Unnamed: 0,SERVICE_DATE,VEHICLE_NUMBER,TRAIN,ROUTE_NUMBER,LEAVE_TIME,STOP_TIME,ARRIVE_TIME,LOCATION_ID,ESTIMATED_LOAD
114,01SEP2017:00:00:00,3164,1401,14,32728,32700,32709,3637,17
115,01SEP2017:00:00:00,3164,1401,14,32838,32801,32788,3633,14
142,01SEP2017:00:00:00,2504,1434,14,35869,35880,35840,3637,16
143,01SEP2017:00:00:00,2504,1434,14,35989,35981,35930,3633,13
170,01SEP2017:00:00:00,2530,1437,14,33278,33180,33218,3637,26
172,01SEP2017:00:00:00,2530,1437,14,33401,33281,33344,3633,25
183,01SEP2017:00:00:00,2536,1438,14,34117,34080,34088,3637,27
184,01SEP2017:00:00:00,2536,1438,14,34241,34181,34180,3633,24
190,01SEP2017:00:00:00,3631,1439,14,35030,34980,34936,3637,19
191,01SEP2017:00:00:00,3631,1439,14,35149,35081,35089,3633,12


In [50]:
nov_df

Unnamed: 0,SERVICE_DATE,VEHICLE_NUMBER,TRAIN,ROUTE_NUMBER,LEAVE_TIME,STOP_TIME,ARRIVE_TIME,LOCATION_ID,ESTIMATED_LOAD
115,01NOV2017:00:00:00,3128,1401,14,32734,32700,32707,3637,19
116,01NOV2017:00:00:00,3128,1401,14,32836,32801,32784,3633,18
142,01NOV2017:00:00:00,2266,1434,14,35891,35880,35853,3637,19
144,01NOV2017:00:00:00,2266,1434,14,36055,35981,35992,3633,18
172,01NOV2017:00:00:00,2509,1437,14,33211,33180,33190,3637,0
173,01NOV2017:00:00:00,2509,1437,14,33327,33281,33275,3633,0
179,01NOV2017:00:00:00,2502,1438,14,34125,34080,34083,3637,41
181,01NOV2017:00:00:00,2502,1438,14,34304,34181,34239,3633,43
189,01NOV2017:00:00:00,2536,1439,14,35100,34980,35067,3637,28
190,01NOV2017:00:00:00,2536,1439,14,35217,35081,35155,3633,24


In [70]:
grouped = sep_df.groupby('TRAIN')
print('SEPTEMBER [pre-lane change]')
sep_elapses = []
for name, group in grouped:
    start_time = group[group['LOCATION_ID'] == 3637]['ARRIVE_TIME'].values[0]
    end_time = group[group['LOCATION_ID'] == 3633]['ARRIVE_TIME'].values[0]
    elapsed_time = end_time - start_time
    sep_elapses.append(elapsed_time)
    print(f"Train: {name}\n\tStart: {start_time}\n\tEnd: {end_time}\n\tElapsed Time: {elapsed_time}")

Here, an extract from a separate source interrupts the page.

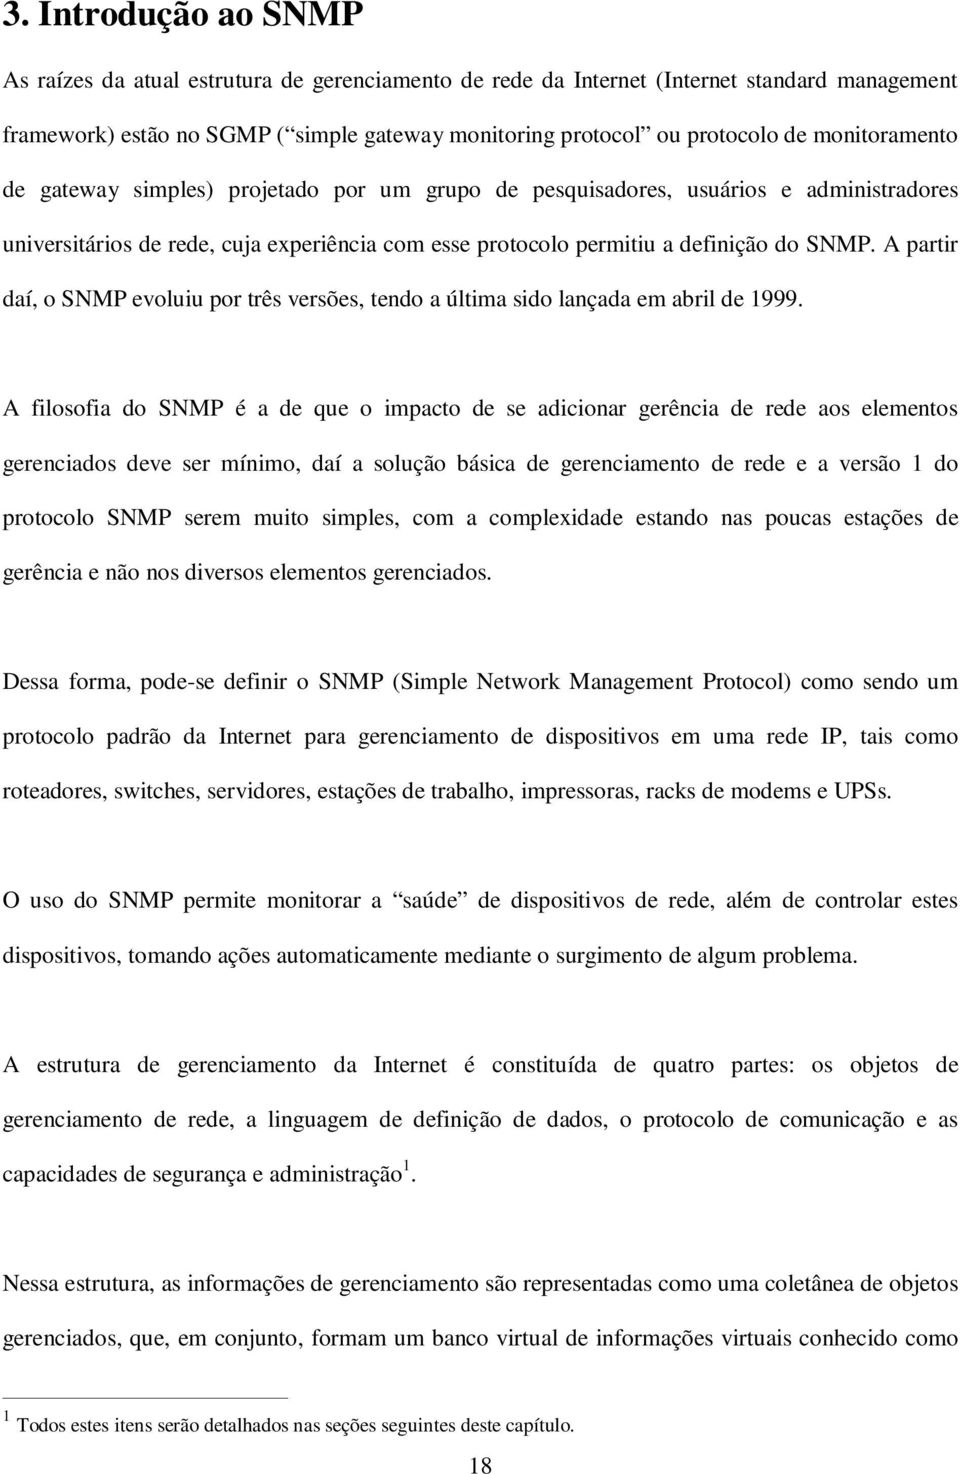 A partir daí, o SNMP evoluiu por três versões, tendo a última sido lançada em abril de 1999.

grouped = nov_df.groupby('TRAIN')
print('\n\nNOVEMBER [post-lane change]')
nov_elapses = []
for name, group in grouped:
    start_time = group[group['LOCATION_ID'] == 3637]['ARRIVE_TIME'].values[0]
    end_time = group[group['LOCATION_ID'] == 3633]['ARRIVE_TIME'].values[0]
    elapsed_time = end_time - start_time
    nov_elapses.append(elapsed_time)
    print(f"Train: {name}\n\tStart: {start_time}\n\tEnd: {end_time}\n\tElapsed Time: {elapsed_time}")

SEPTEMBER [pre-lane change]
Train: 1401
	Start: 32709
	End: 32788
	Elapsed Time: 79
Train: 1434
	Start: 35840
	End: 35930
	Elapsed Time: 90
Train: 1437
	Start: 33218
	End: 33344
	Elapsed Time: 126
Train: 1438
	Start: 34088
	End: 34180
	Elapsed Time: 92
Train: 1439
	Start: 34936
	End: 35089
	Elapsed Time: 153


NOVEMBER [post-lane change]
Train: 1401
	Start: 32707
	End: 32784
	Elapsed Time: 77
Train: 1434
	Start: 35853
	End: 35992
	Elapsed Time: 139
Train: 1437
	Start: 33190
	End: 33275
	Elapsed Time: 85
Train: 1438
	Start: 34083
	End: 34239
	Elapsed Time: 156
Train: 1439
	Start: 35067
	End: 35155
	Elapsed Time: 88


In [76]:
print(sep_elapses)
print(nov_elapses)
print(f"Average September elapsed time: {np.array(sep_elapses).mean()}")
print(f"Average November elapsed time: {np.array(nov_elapses).mean()}")

[79, 90, 126, 92, 153]
[77, 139, 85, 156, 88]
Average September elapsed time: 108.0
Average November elapsed time: 109.0


Cool. So the busses got 1 second slower on average when comparing 1 day / 5 routes. Gonna need more data.